To truly understand what is amiss in the world of Banking and Financial Institutions, one needs to go back and re-read the William Shakespeare classic – The Merchant of Venice. The most important take-away from the story for our purposes here is the greed of Shylock and shows that historically people who lend money have always shared the same wanton greed and exploitative nature. The urge to exploit laymen who do not understand the wider implications of a loan with its associated package of fine prints, has been there for ages. It is not a new age phenomenon from the hallowed portals of Wall Street.
At risk of great oversimplification and unapologetic plagiarism, I am reprinting below an authorless article that has travelled the length and breadth of the internet on how Financial Institutions have led themselves and their consumers on the path of ruin. To say the least, it reeks of recklessness and depravation beyond normal rational human behaviour. To say the least, it is a classic example of white collar crime for which our judicial systems are simply too outdated to have any precedent or law for handing out punishment. The so called Financial Regulatory authorities are themselves unprepared, or as in many countries on many occasions, themselves hand in glove with the perpetrators of such crimes.
Helga is the proprietor of a bar. She realizes that virtually all of her customers are unemployed alcoholics and, as such, can no longer afford to patronize her bar. To solve this problem, she comes up with a new marketing plan that allows her customers to drink now, but pay later. Helga keeps track of the drinks consumed on a ledger (thereby granting the customers’ loans).

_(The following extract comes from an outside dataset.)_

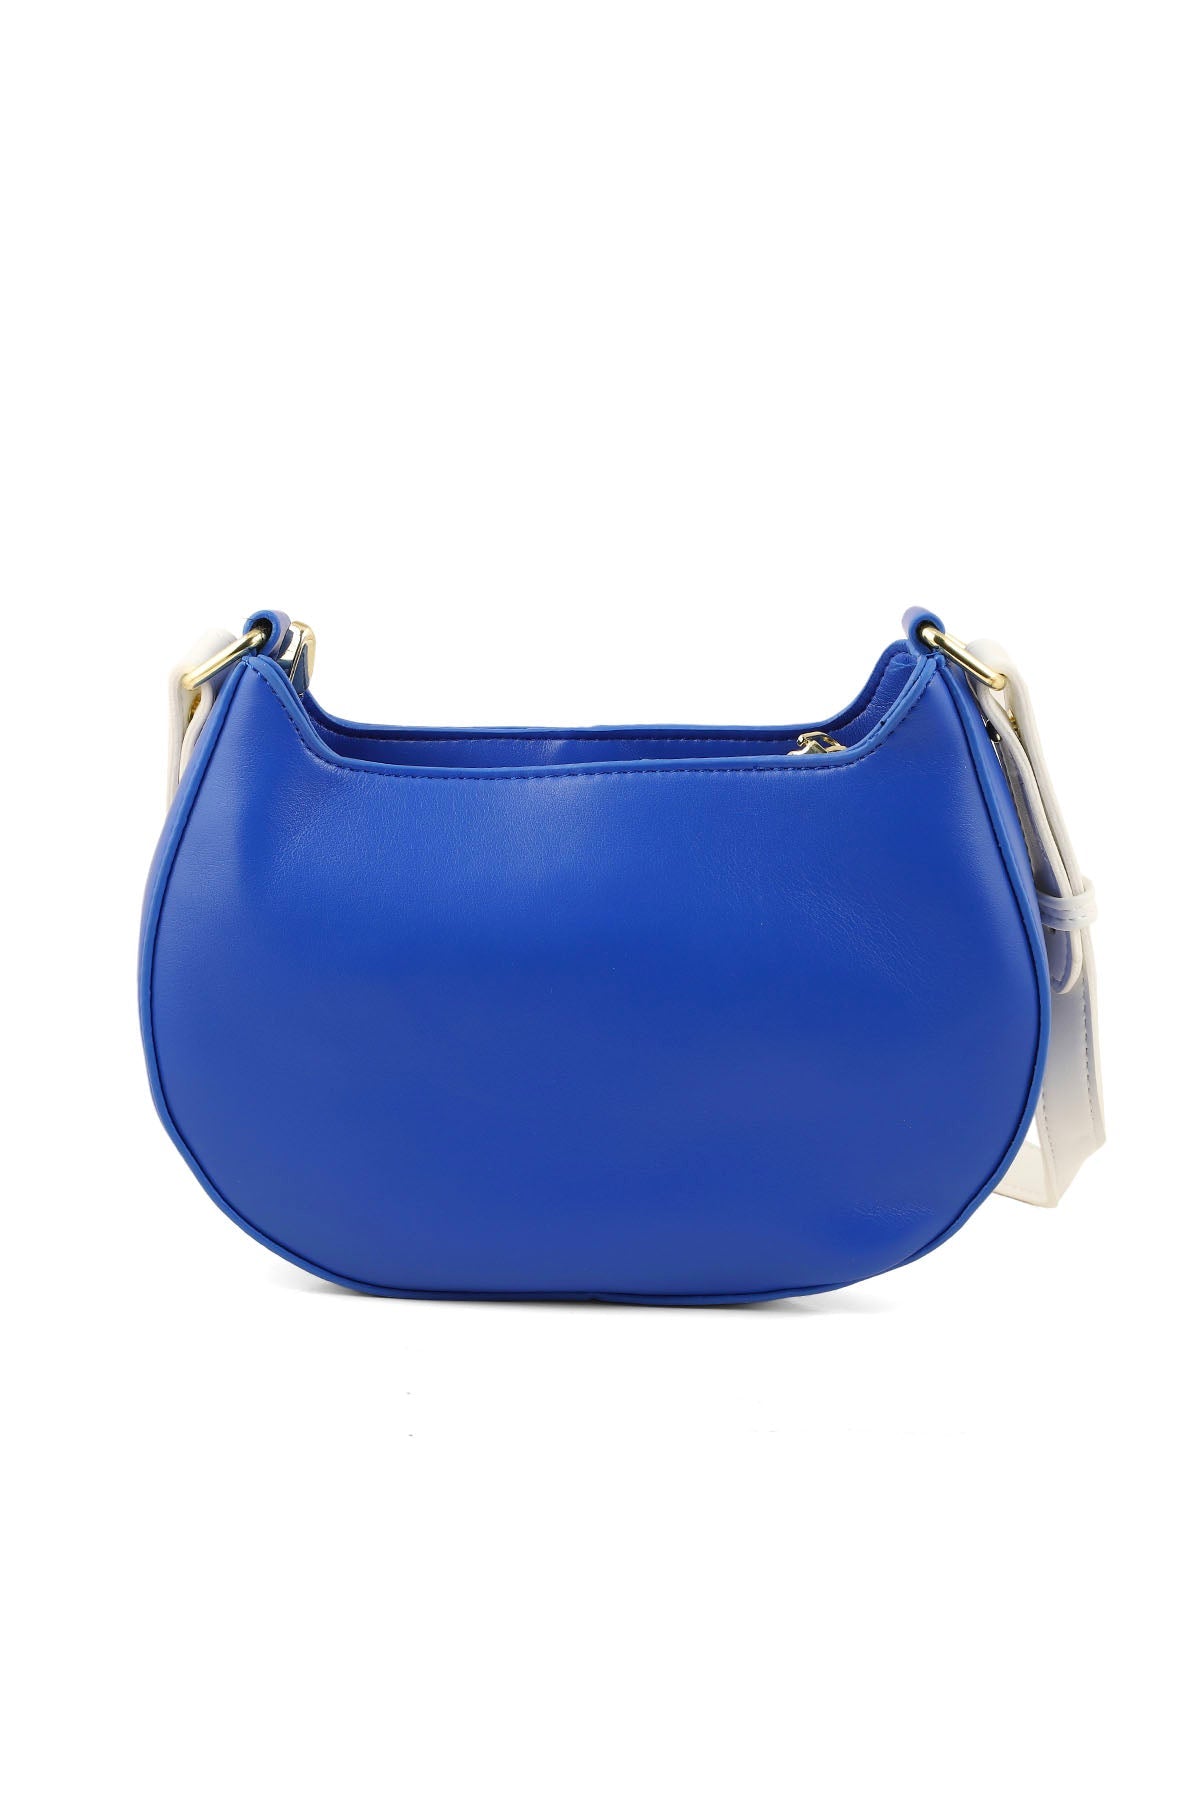 Hobo Hand Bags B14953-Blue

Word gets around about Helga’s “drink now, pay later” marketing strategy and, as a result, increasing numbers of customers flood into Helga’s bar. Soon she has the largest sales volume for any bar in town. By providing her customers freedom from immediate payment demands, Helga gets no resistance when, at regular intervals, she substantially increases her prices for wine and beer, the most consumed beverages.
Consequently, Helga’s gross sales volume increases massively. A young and dynamic vice-president at the local bank recognizes that these customer debts constitute valuable future assets and increases Helga’s borrowing limit. He sees no reason for any undue concern, since he has the debts of the unemployed alcoholics as collateral!!!

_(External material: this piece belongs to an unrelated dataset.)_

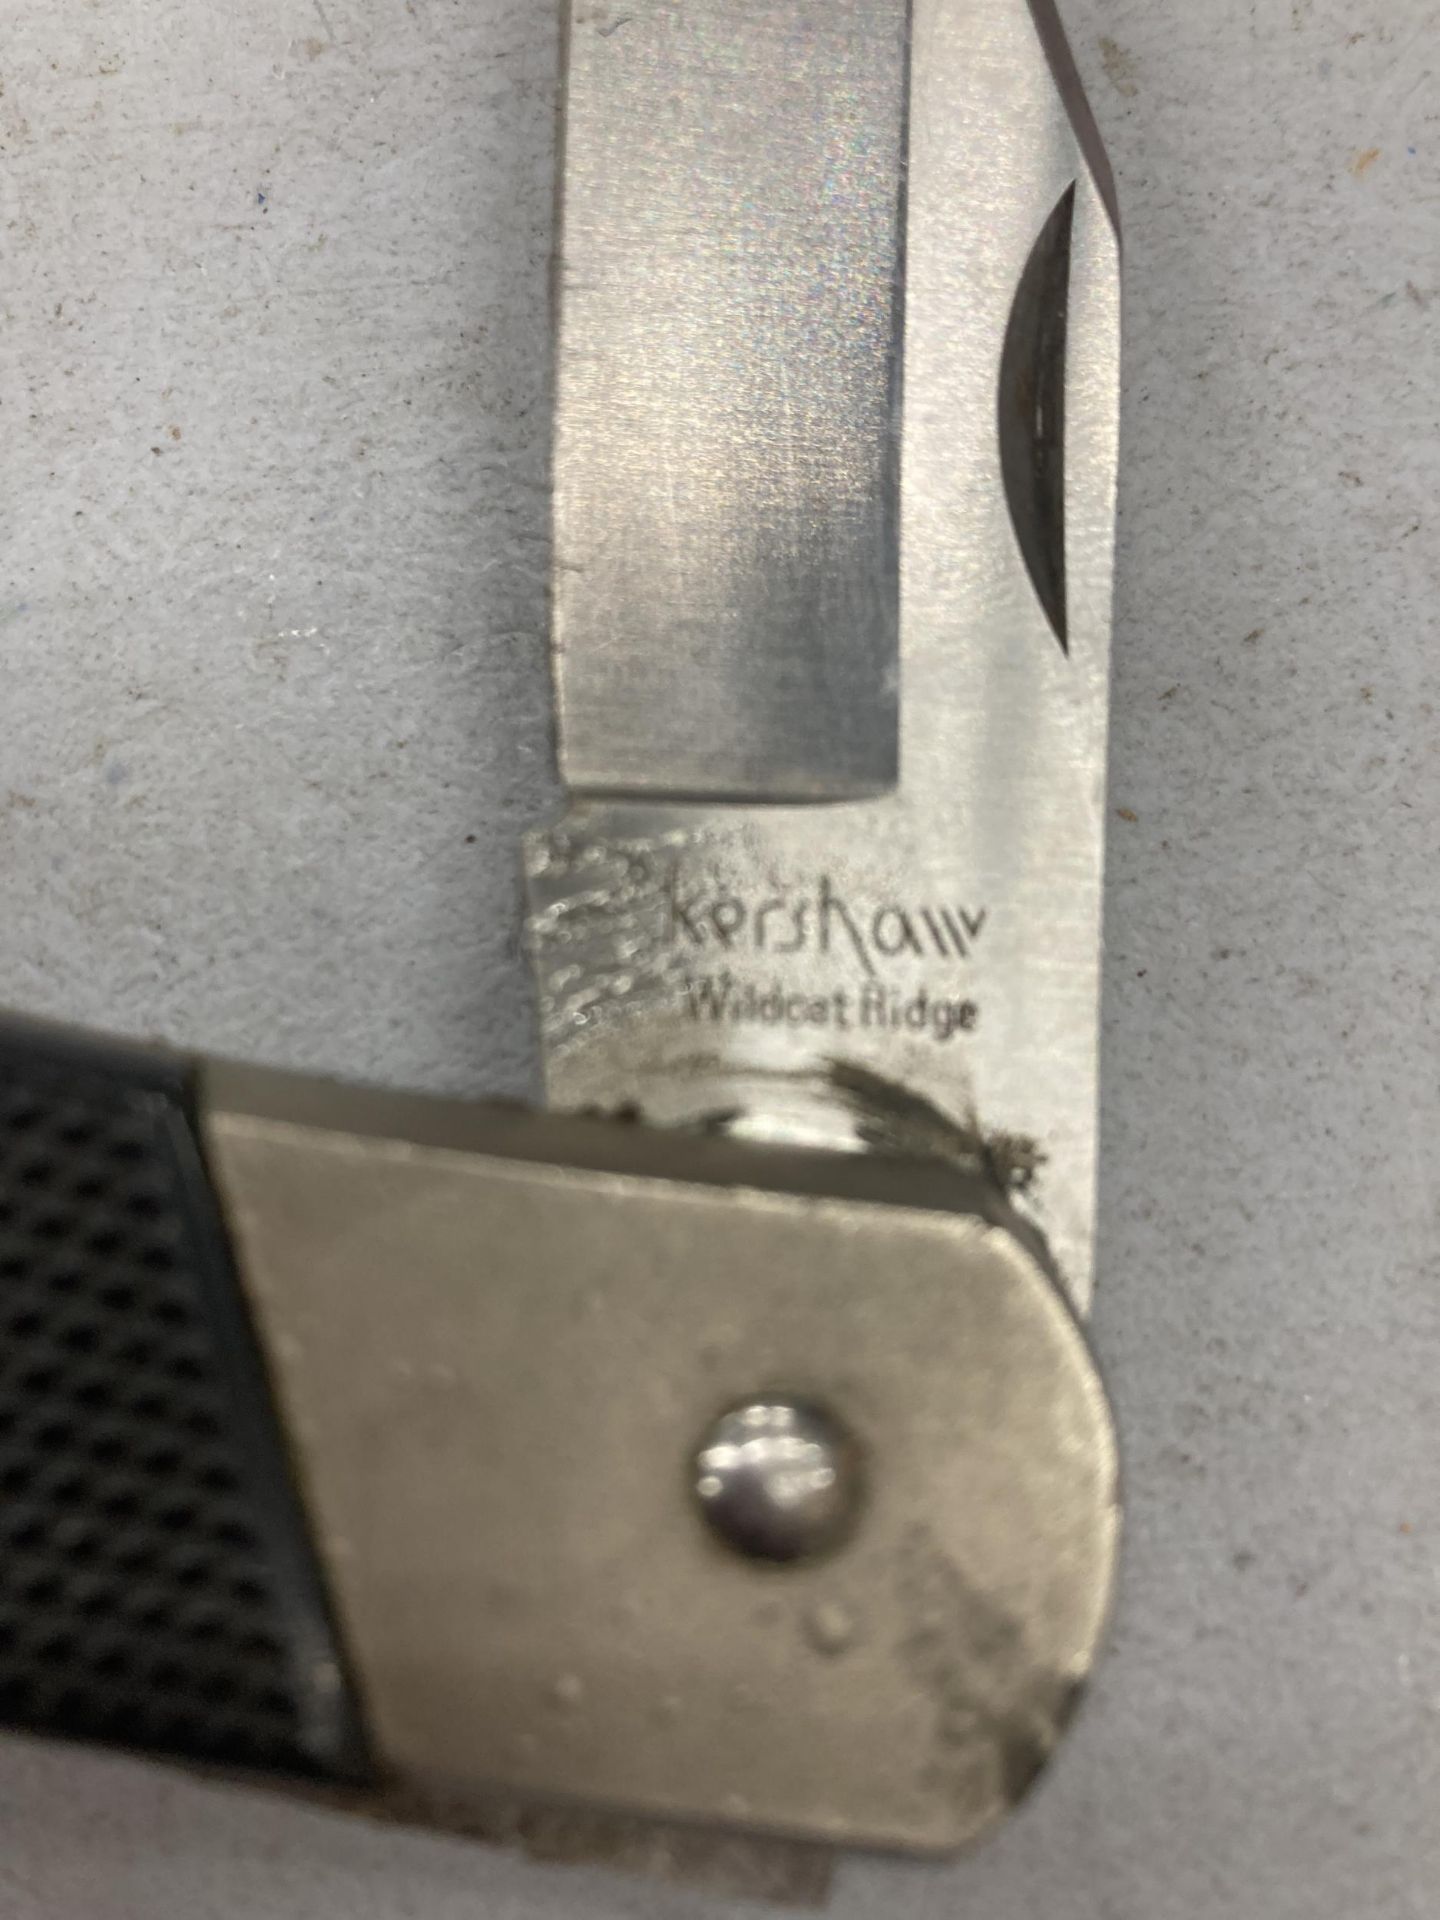 A KERSHAW-WILDCAT RIDGE FOLDING KNIFE - Image 3 of 3

At the bank’s corporate headquarters, expert traders figure a way to make huge commissions, and transform these customer loans into DRINKBONDS. These “securities” then are bundled and traded on international securities markets. Naive investors don’t really understand that the securities being sold to them as “AA” “Secured Bonds” really are debts of unemployed alcoholics. Nevertheless, the bond prices continuously climb!!!, and the securities soon become the hottest-selling items for some of the nation’s leading brokerage houses.
One day, even though the bond prices still are climbing, a risk manager at the original local bank decides that the time has come to demand payment on the debts incurred by the drinkers at Helga’s bar. He so informs Helga. Helga then demands payment from her alcoholic patrons, but being unemployed alcoholics they cannot pay back their drinking debts. Since Helga cannot fulfil her loan obligations she is forced into bankruptcy. The bar closes and Helga’s 11 employees lose their jobs.

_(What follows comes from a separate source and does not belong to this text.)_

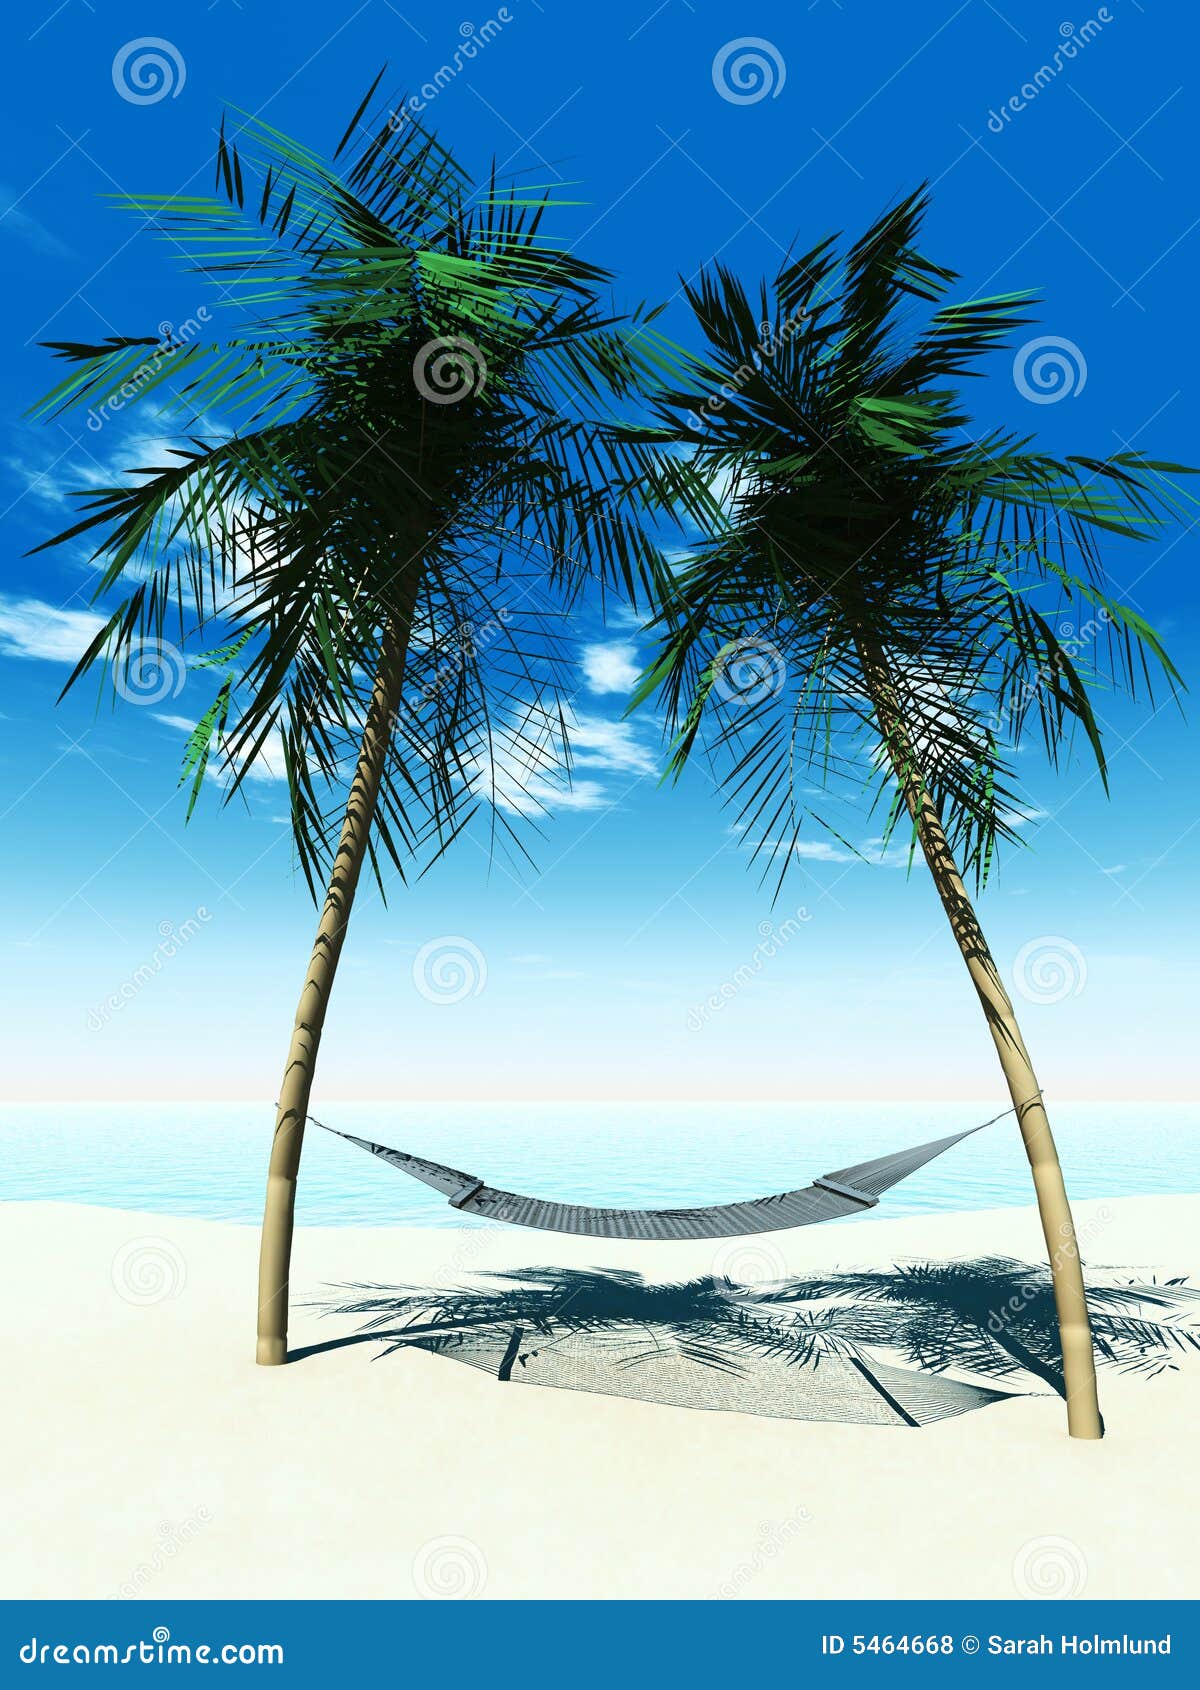 hammock between palmtrees

Overnight, DRINKBOND prices drop by 90%. The collapsed bond asset value destroys the bank’s liquidity and prevents it from issuing new loans, thus freezing credit and economic activity in the community. The suppliers of Helga’s bar had granted her generous payment extensions and had invested their firms’ pension funds in the BOND securities. They find they are now faced with having to write off her bad debt and with losing over 90% of the presumed value of the bonds.
Her wine supplier also claims bankruptcy, closing the doors on a family business that had endured for three generations, her beer supplier is taken over by a competitor, who immediately closes the local plant and lays off 150 workers.
Fortunately though, the bank, the brokerage houses and their respective executives are saved and bailed out by a multibillion dollar no-strings attached cash infusion from the government. The funds required for this bailout are obtained by new taxes levied on employed, middle-class, non-drinkers who’ve never been in Helga’s bar !
The above was Helga’s fictional story, but it gives a wonderful sense of the treacherous business of bonds, securities and derivatives at stock markets in which innocent people end up investing through so called expert investors and fund managers.